Silverio's key to empowering the people: "They have to have ownership of the community and then you have change."
Not only is the GUAHAN Project looking to help people on Guam, it has become "a big brother" to the NAPU Life Foundation, a CBO on Saipan, north of Guam.
Established in July 2005, NAPU Life was created to address the need for a non-governmental organization to respond to HIV issues on the island, according to Board President Joaquin "Jack" Sablan. Currently members are working with GUAHAN to tap dedicated board members and begin solid fundraising efforts for NAPU Life.
Considering everything the organizations are tackling, Jay Blackwell, director of Capacity Building for the OMHRC, said it is not enough to say he is proud of the organizations for not giving up when repeatedly faced with opposition or reluctance, but he commends "them for addressing the issues that directly impact their communities."

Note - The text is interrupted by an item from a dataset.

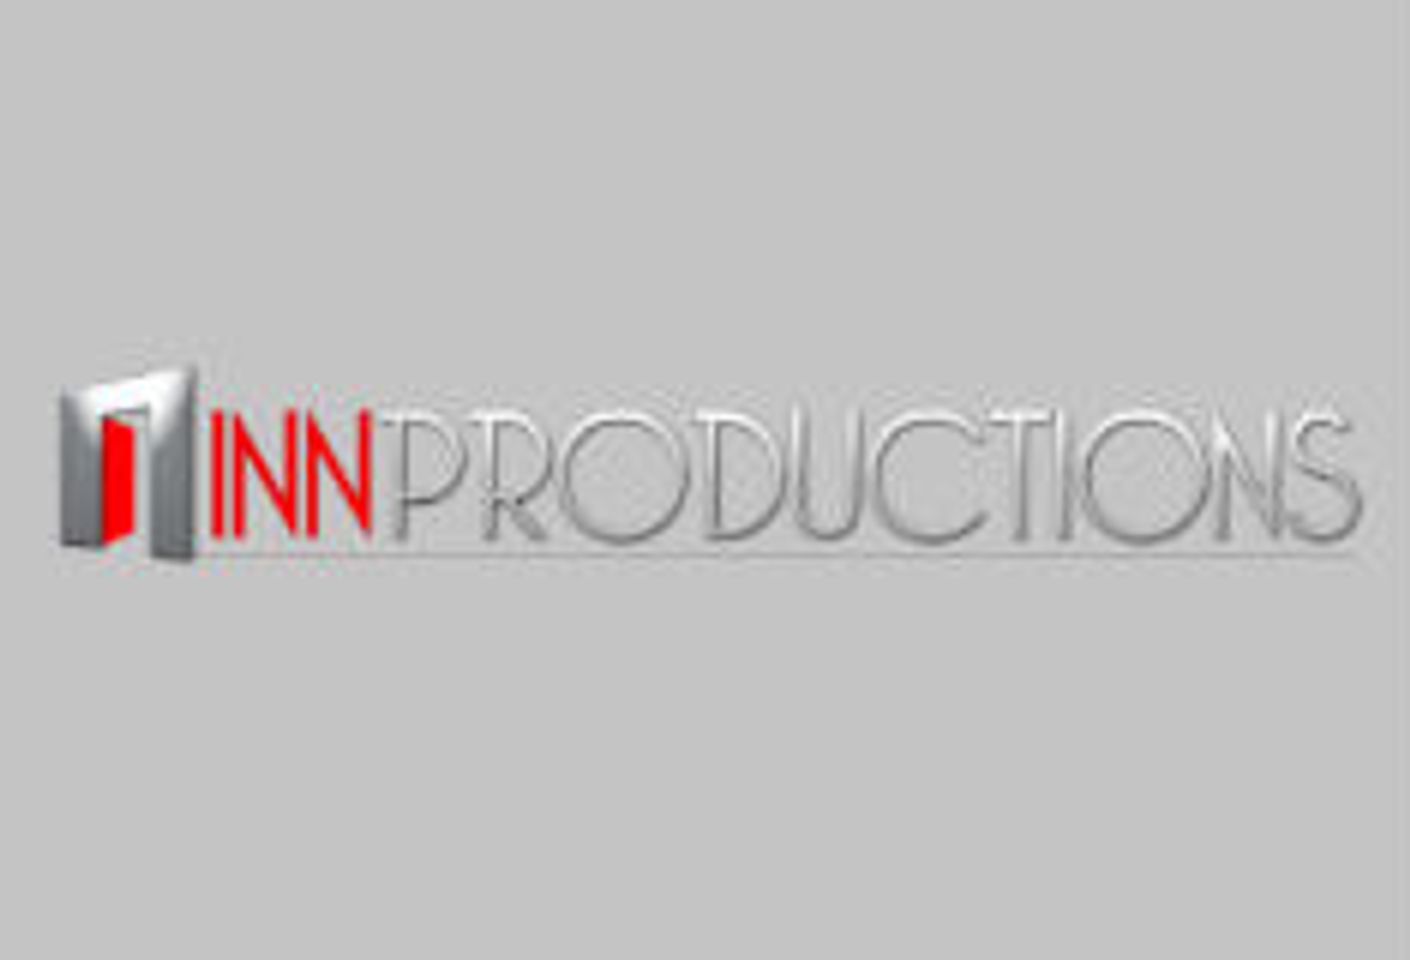 Inn Productions Seeking Industry Professionals to Join Team

"These agencies are partners because they are committed to protecting the health of their communities," Blackwell said. "Health departments can't do it alone."
Due to the contained population and the high risk of contraction of HIV, Blackwell said OMHRC is "looking ahead" to help the organizations enact true prevention methods.
"They're really stepping up and showing these communities they can make a difference and that is true advocacy," Blackwell said. "GUAHAN Project and NAPU Life, to me, represent positive persistence when people truly care about their lives in their community."